2020年3月11日水曜日

【東日本大震災9年】エイブル(福島県大熊町)・佐藤順英社長に聞く「地元企業の取り組みと課題は」

 ◇地元企業のネットワークを再構築◇

 プラントの建設・保守などを手掛けるエイブル(福島県大熊町、佐藤順英社長)。東日本大震災で起きた福島第1原発事故の対応に地元の協力会社として従事しながら、被災地の復旧・復興の歩みを見てきた。佐藤社長は「震災から9年が経過し、自分としても被災地の企業としても落ち着いた気持ちになれてきた」と現在の心境を明かす。地元企業の取り組みと福島の課題を聞いた。

 --震災から9年になる。

 「震災当時は道路がぐちゃぐちゃだった。『復興は無理だな』と思ったが、インフラが直り、復旧が進んだ。福島第1原発は、歩く場所さえないほど津波の被害を受けた。すぐには片付かなかったが復旧は着実に進んだ。振り返るとあっという間のように感じる」

 「燃料デブリがあり、放射線量の高い場所もあるが、国や重電メーカー、ゼネコンらが技術力や計画力を発揮してきた。大和魂のようなものを感じる。混乱した中で自分たちがどうなるか不安だった。ここで仕事をすることで地域を良くして、子孫にふるさとを残す。構内の作業に従事する世代が代わっても廃炉の意義を伝えていかねばならない」

 --被災地での活動は。

 「廃炉作業では排気筒の解体などでロボット技術を駆使している。

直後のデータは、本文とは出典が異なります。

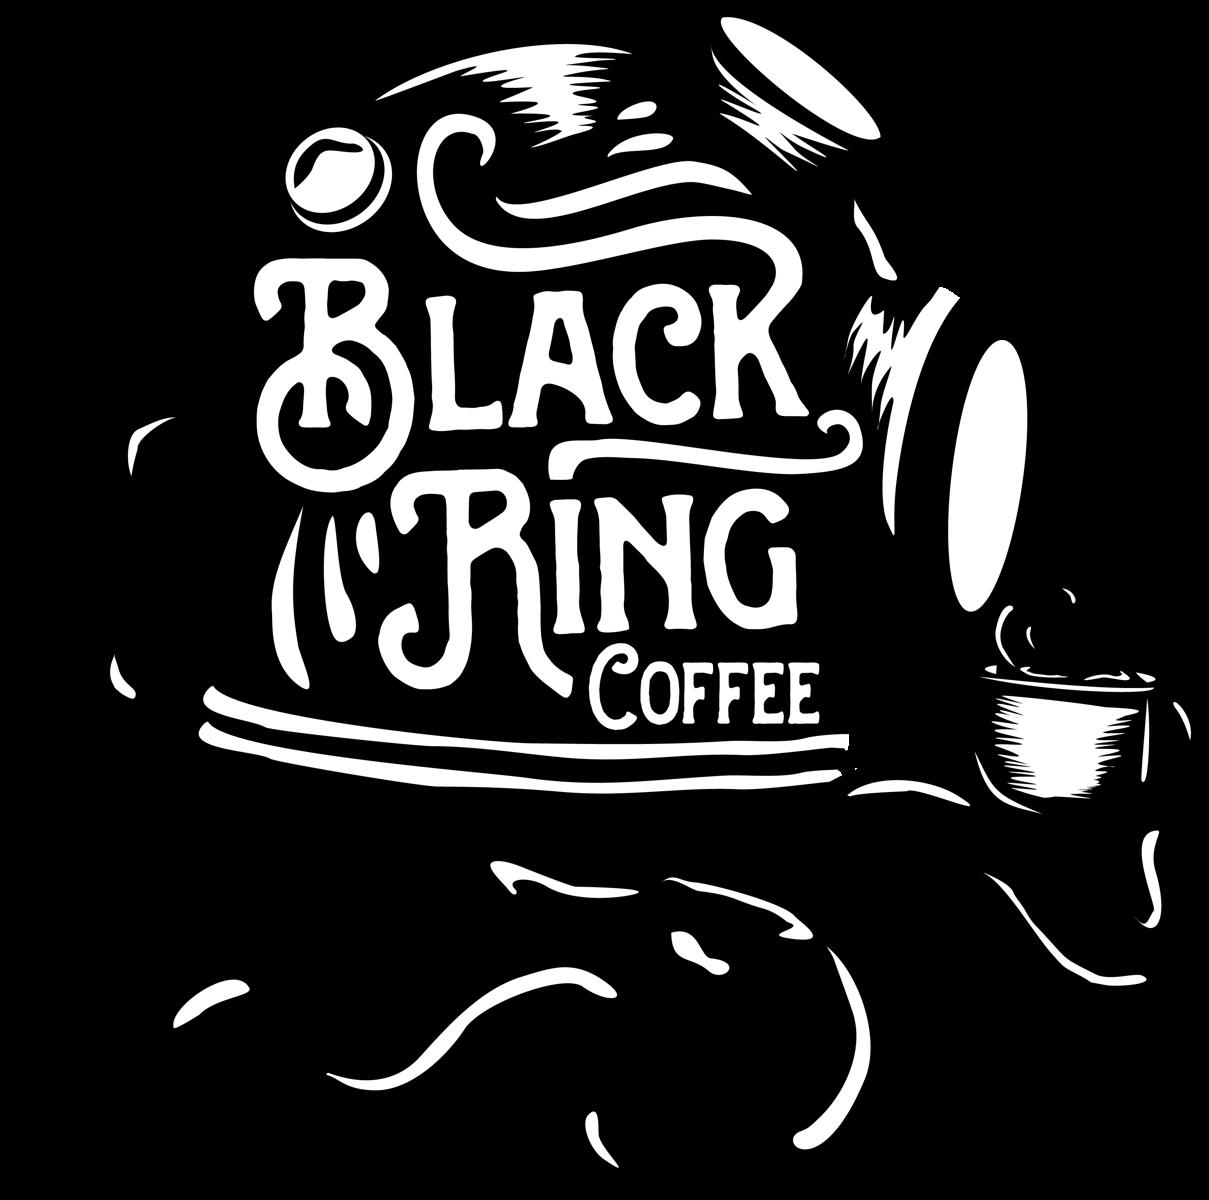 black scuba diving coffee helmet logo design

新しく入った人にも知恵を出してもらい、工夫を重ねてきた。被ばくが続けば作業をする人がいなくなってしまうので、遠隔操作のための装置などを必死に作ろうとしてきた。木質バイオマス発電をはじめ再生可能エネルギー事業も行っている。原発事故で地域のそれまでの雇用に変化がある。構内の作業から戻った人が働く場所を整えておく必要もあるためだ」

 --課題をどう見ているか。

 「双葉町、大熊町などで街づくりが進んでいる。地元企業なのでお役に立てることがあれば貢献し、地域を盛り上げたい。大熊町は(交付金活用の農業復興事業として)イチゴの素晴らしい栽培施設ができた。地域が意見を出す独自の創意工夫が必要になっていると思う」

 「住みたくなるふるさとにしないといけないが、長く避難せざるを得ず、戻るのが難しくなっている人もいる。被災地は計画的な復興が求められている。我々は地域の会社。地元出身の社員が多く、廃社した会社の社員も受け入れている。復興と地域のために、みんなが連携して課題を共有し、達成感を得ながら活動しようと考えられるようになってきた」

 --被災地の企業の将来をどう考えているか。

 「街があって、原発ができた。廃炉と街づくりも一体と考えている。技術、知見を生かし、魅力ある街にしたい。地域の企業が行える仕事はたくさんある。技術力のある地元企業がアイデアを出し、コラボレーションすれば、活躍できる場面は多くある。地元の企業が活躍できる環境が必要で、地域のネットワークを再構築し、組合のような組織を整えたい」

 「異常気象や新型コロナウイルスなどリスクが増えている。健康や農業などを含めて地域で力強い街づくりができる組織体ができるといい。地域の課題を克服する勉強の場にもなるだろう。地域の企業の幹部を集めて議論を続けている。中小企業が潤えば、雇用が守られ、日本の経済が発展していくと考えている」。